**Exercise prompt**. Reproduce the material below only from the line with "橙汁冰镇夏季促销广告背景" to the line with "Le murmure des", both included, keeping each line exact and dropping the pictures.

**Records for processing**.
[Start of Attachment]
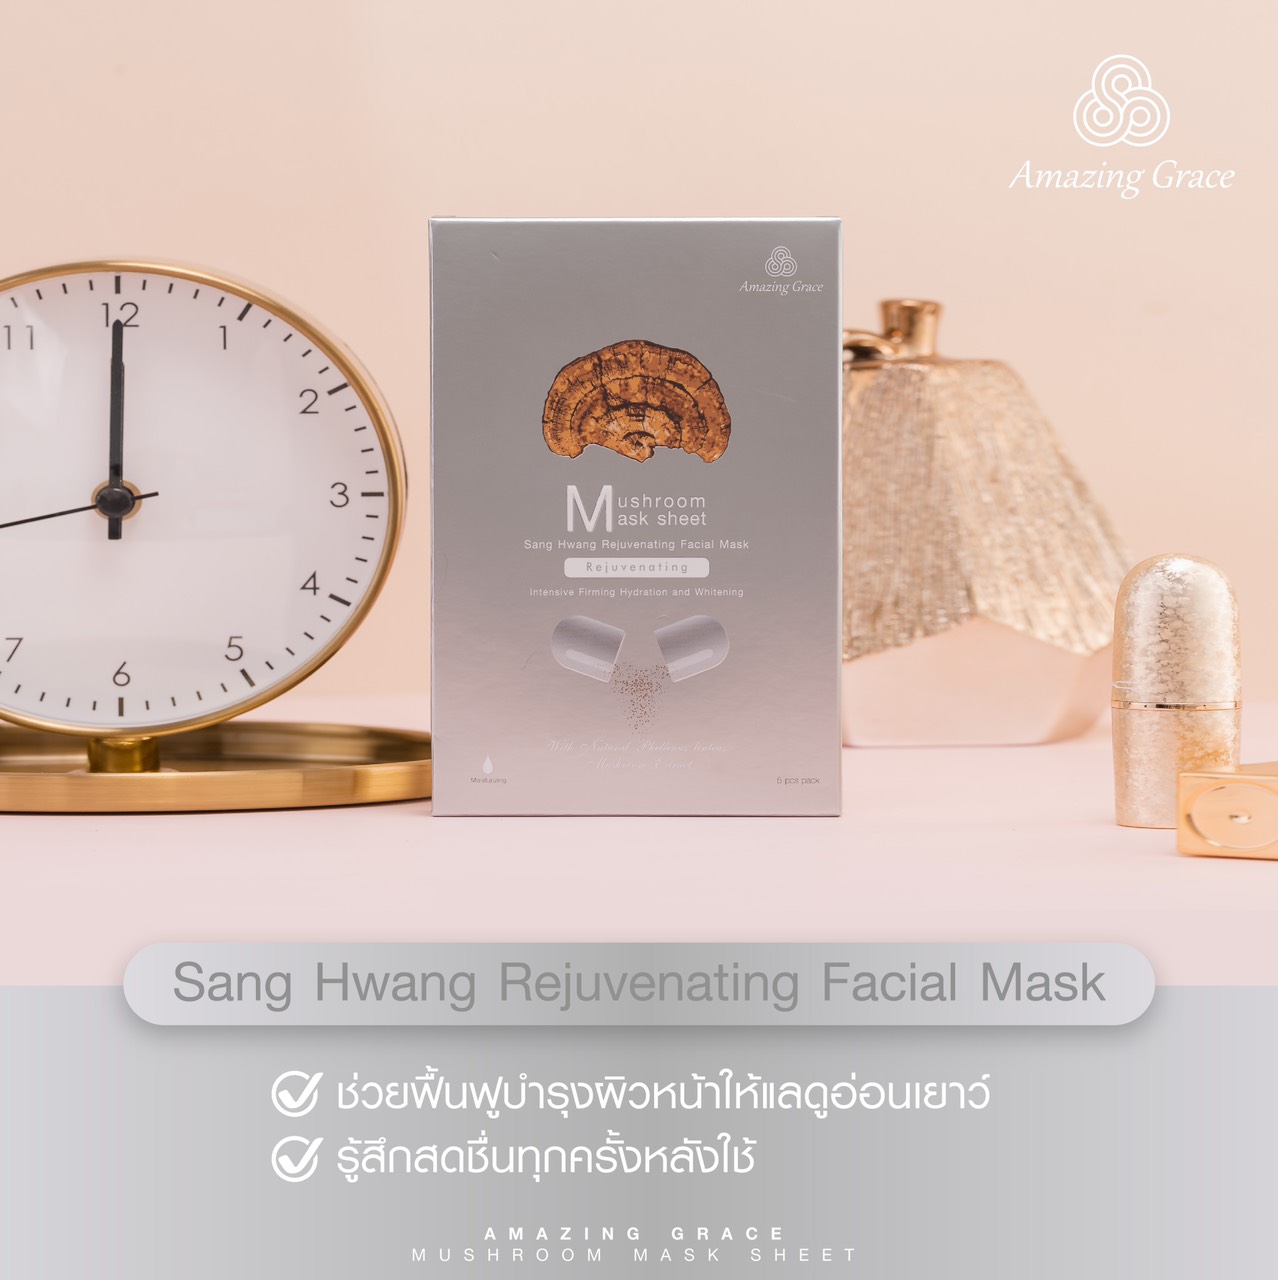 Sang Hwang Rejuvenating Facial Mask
[End of Attachment]
[Start of Attachment]
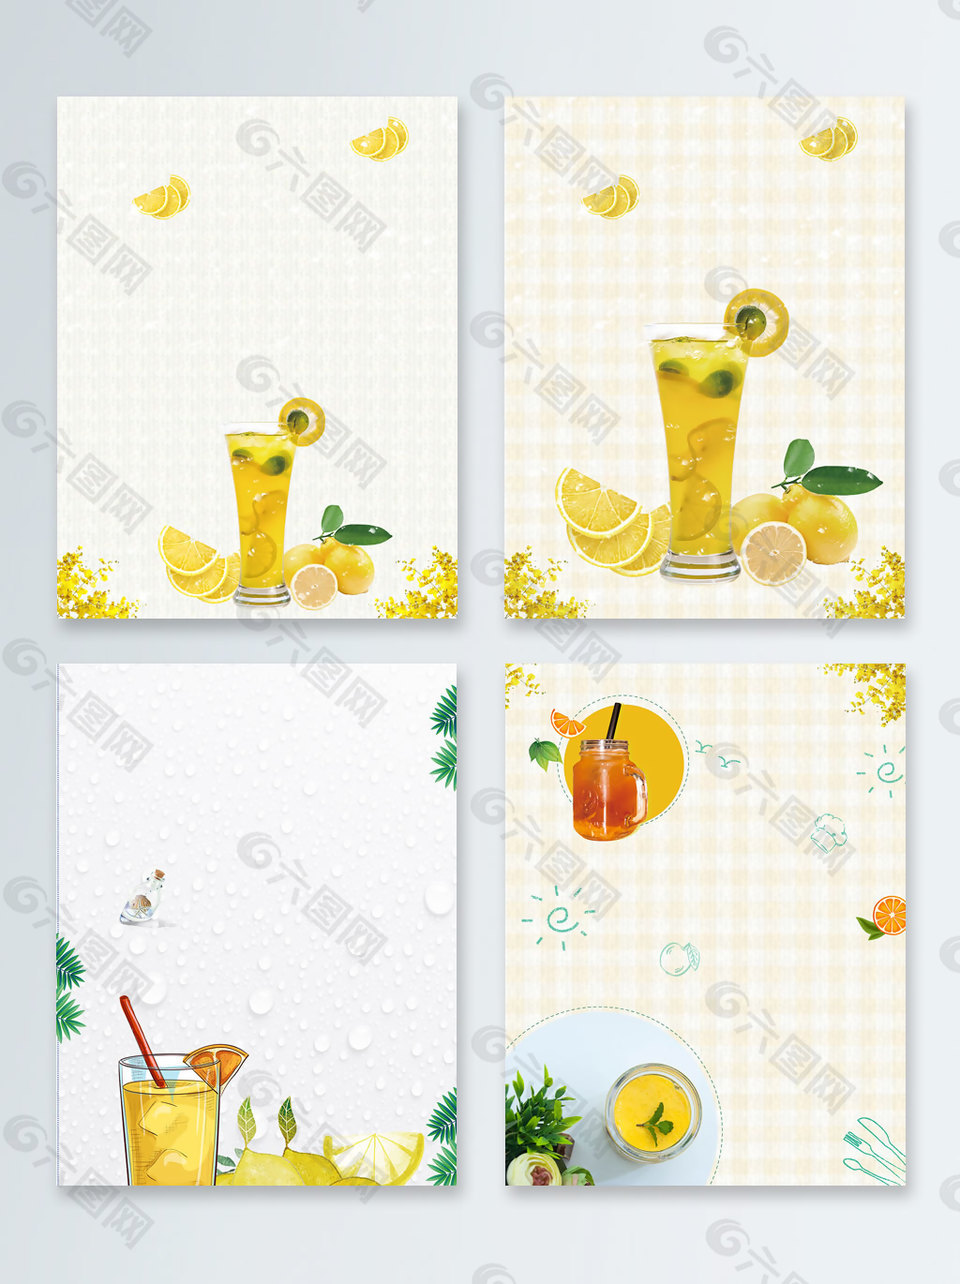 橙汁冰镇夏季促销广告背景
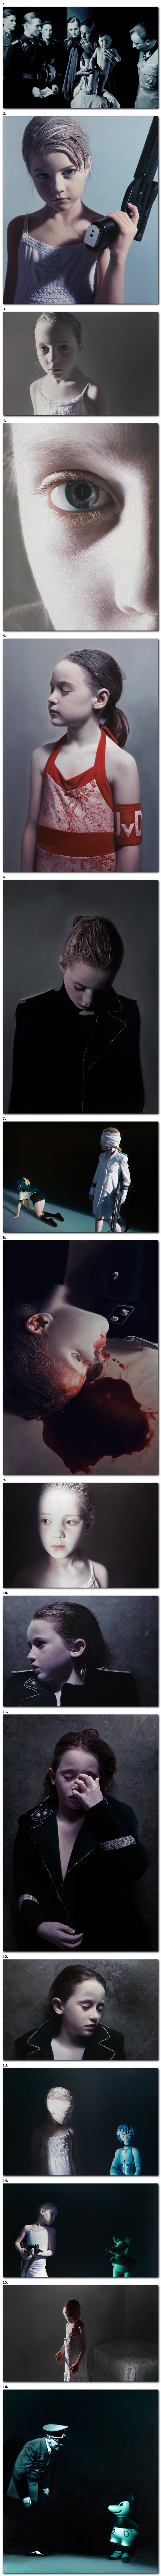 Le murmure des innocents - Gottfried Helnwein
[End of Attachment]
[Start of Attachment]
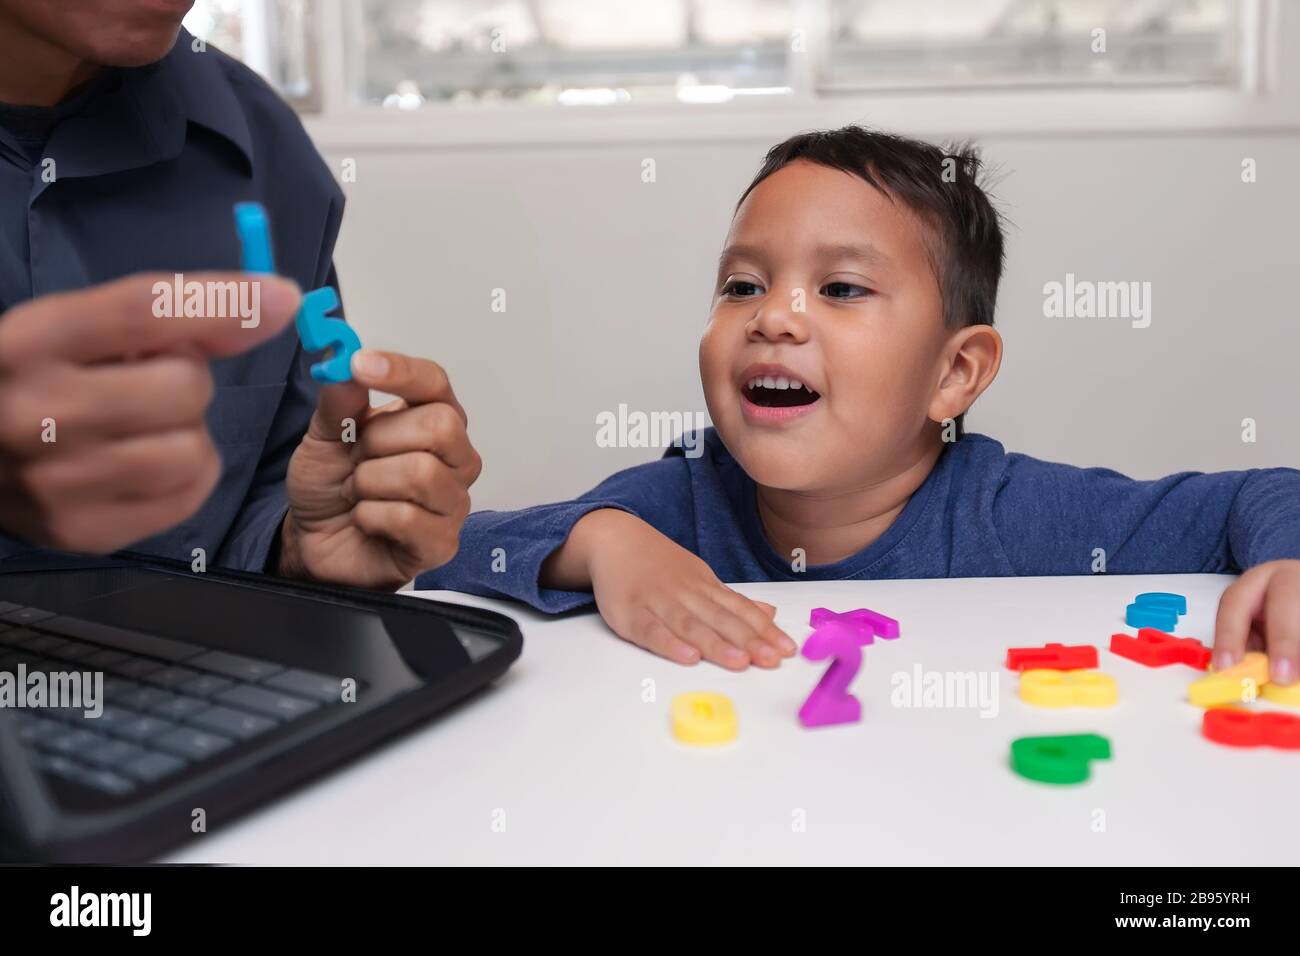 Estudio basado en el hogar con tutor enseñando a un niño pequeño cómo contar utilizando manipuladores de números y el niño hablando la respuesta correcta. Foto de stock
[End of Attachment]
**Output**.
 橙汁冰镇夏季促销广告背景
 Le murmure des innocents - Gottfried Helnwein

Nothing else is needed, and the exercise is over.